The data:
--- START ---

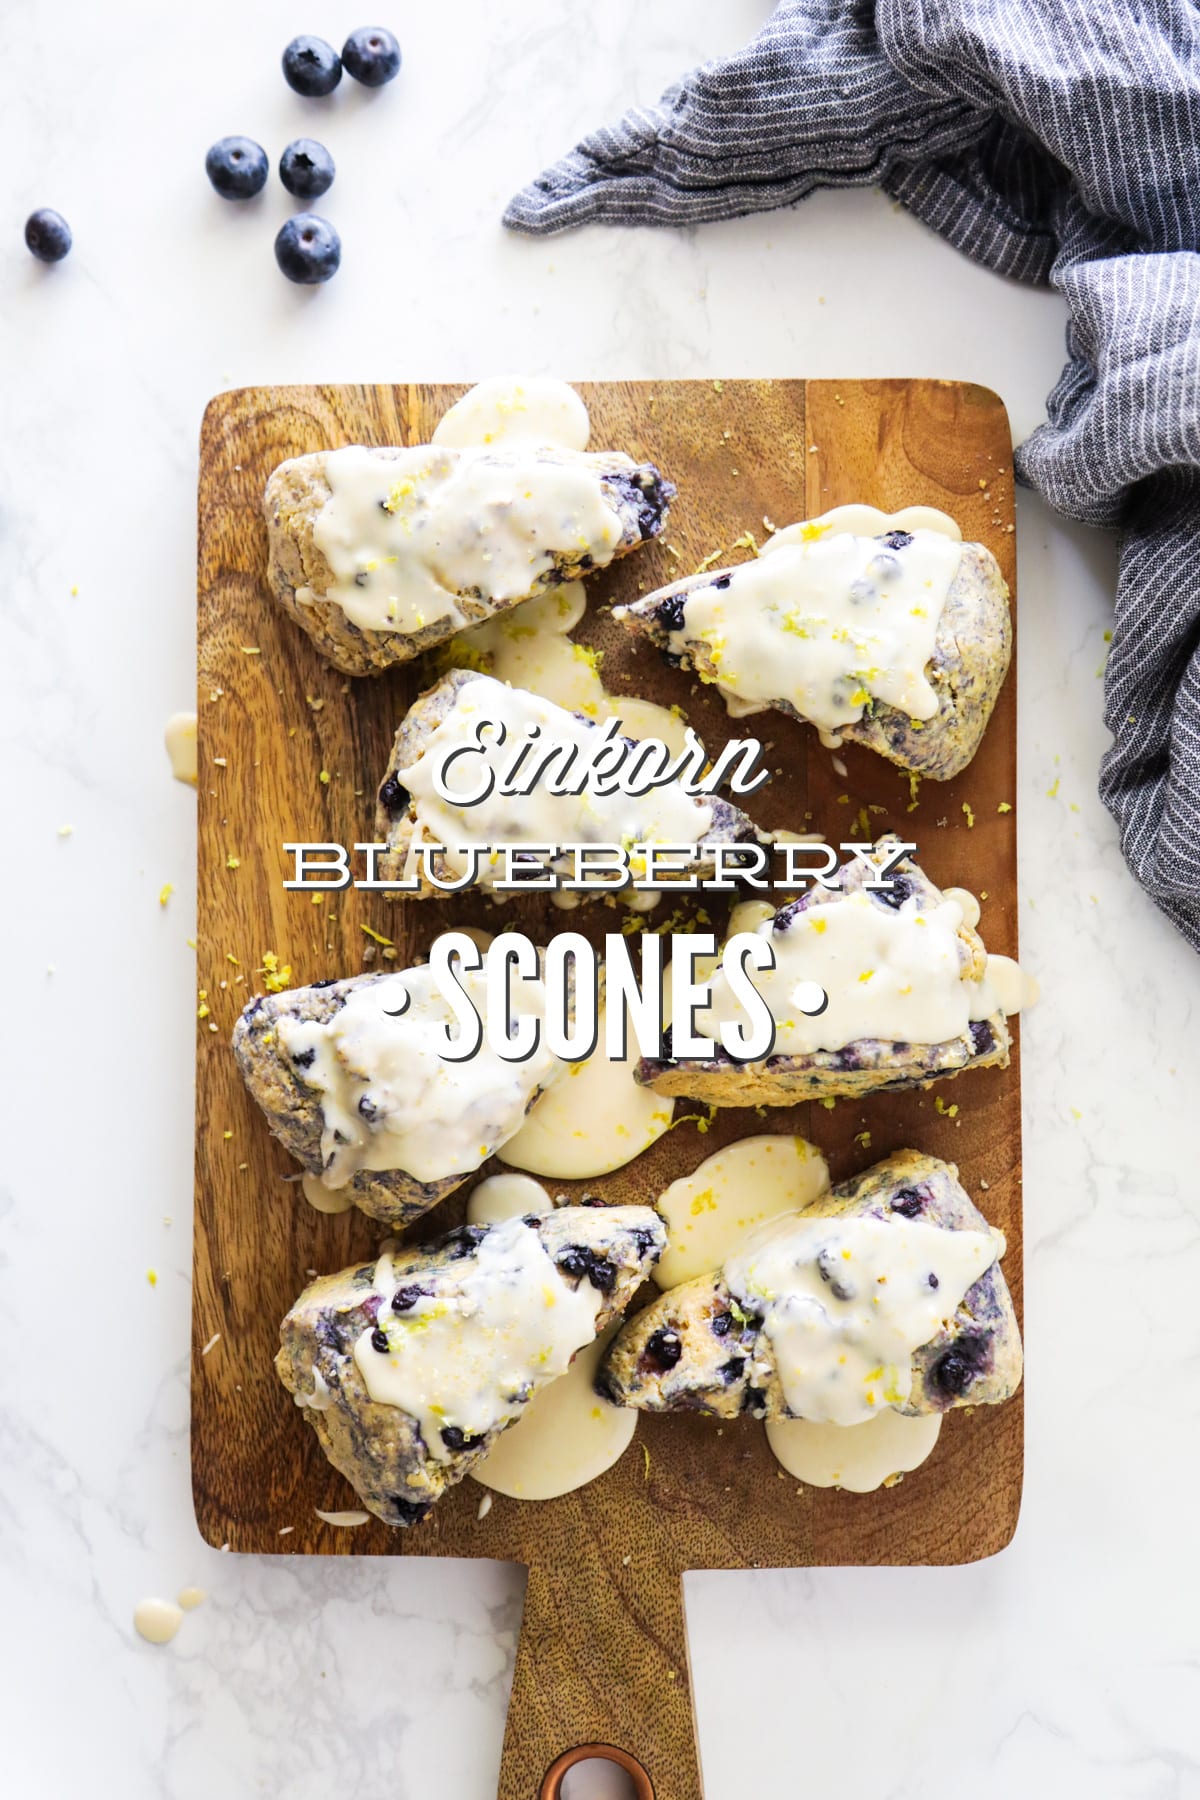 Einkorn Blueberry Scones (Naturally-Sweetened) with Lemon Glaze
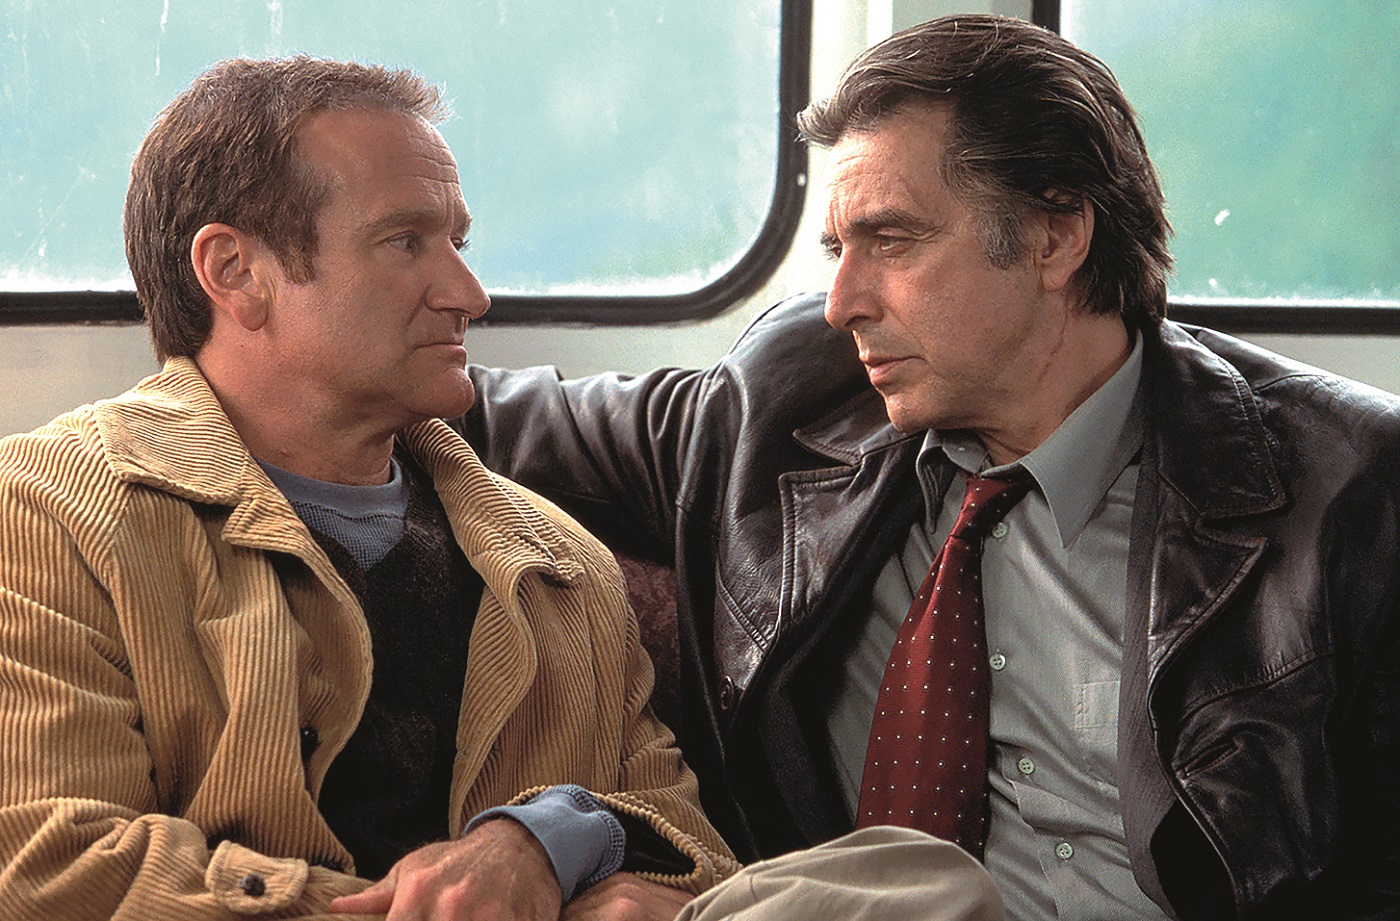 INSOMNIA, Robin Williams, Al Pacino, 2002
(c) Warner Brothers, courtesy Everett Collection
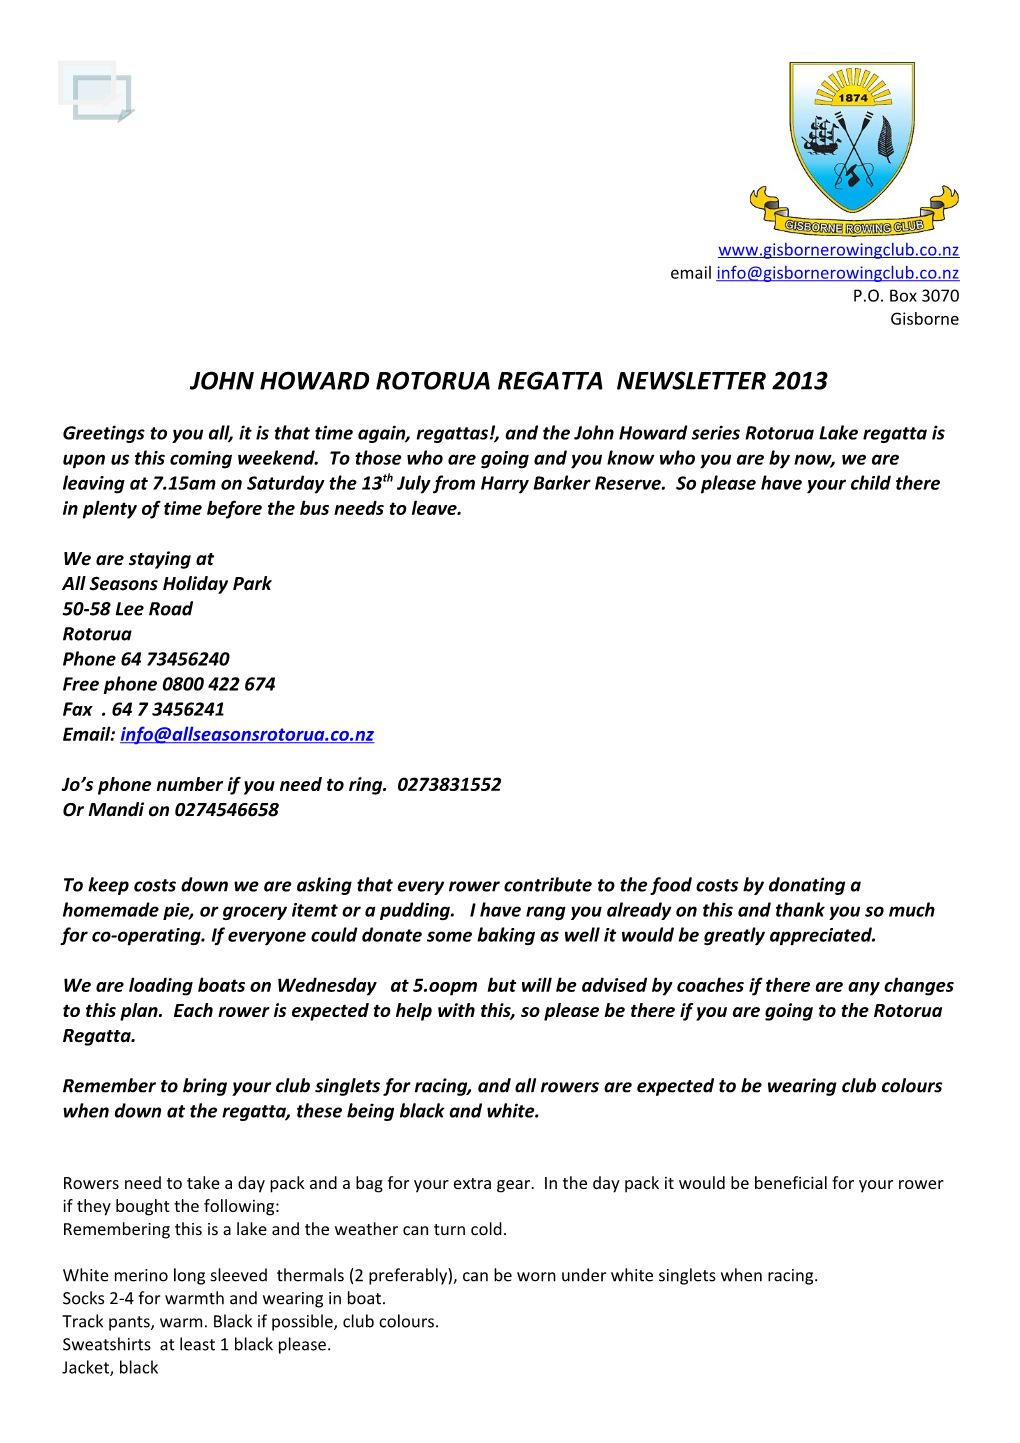 John Howard Rotorua Regatta Newsletter 2013

--- END ---

Exercise details: Please give back every line above exactly as it stands, without pictures.

Output:
 Einkorn Blueberry Scones (Naturally-Sweetened) with Lemon Glaze
 INSOMNIA, Robin Williams, Al Pacino, 2002
(c) Warner Brothers, courtesy Everett Collection
 John Howard Rotorua Regatta Newsletter 2013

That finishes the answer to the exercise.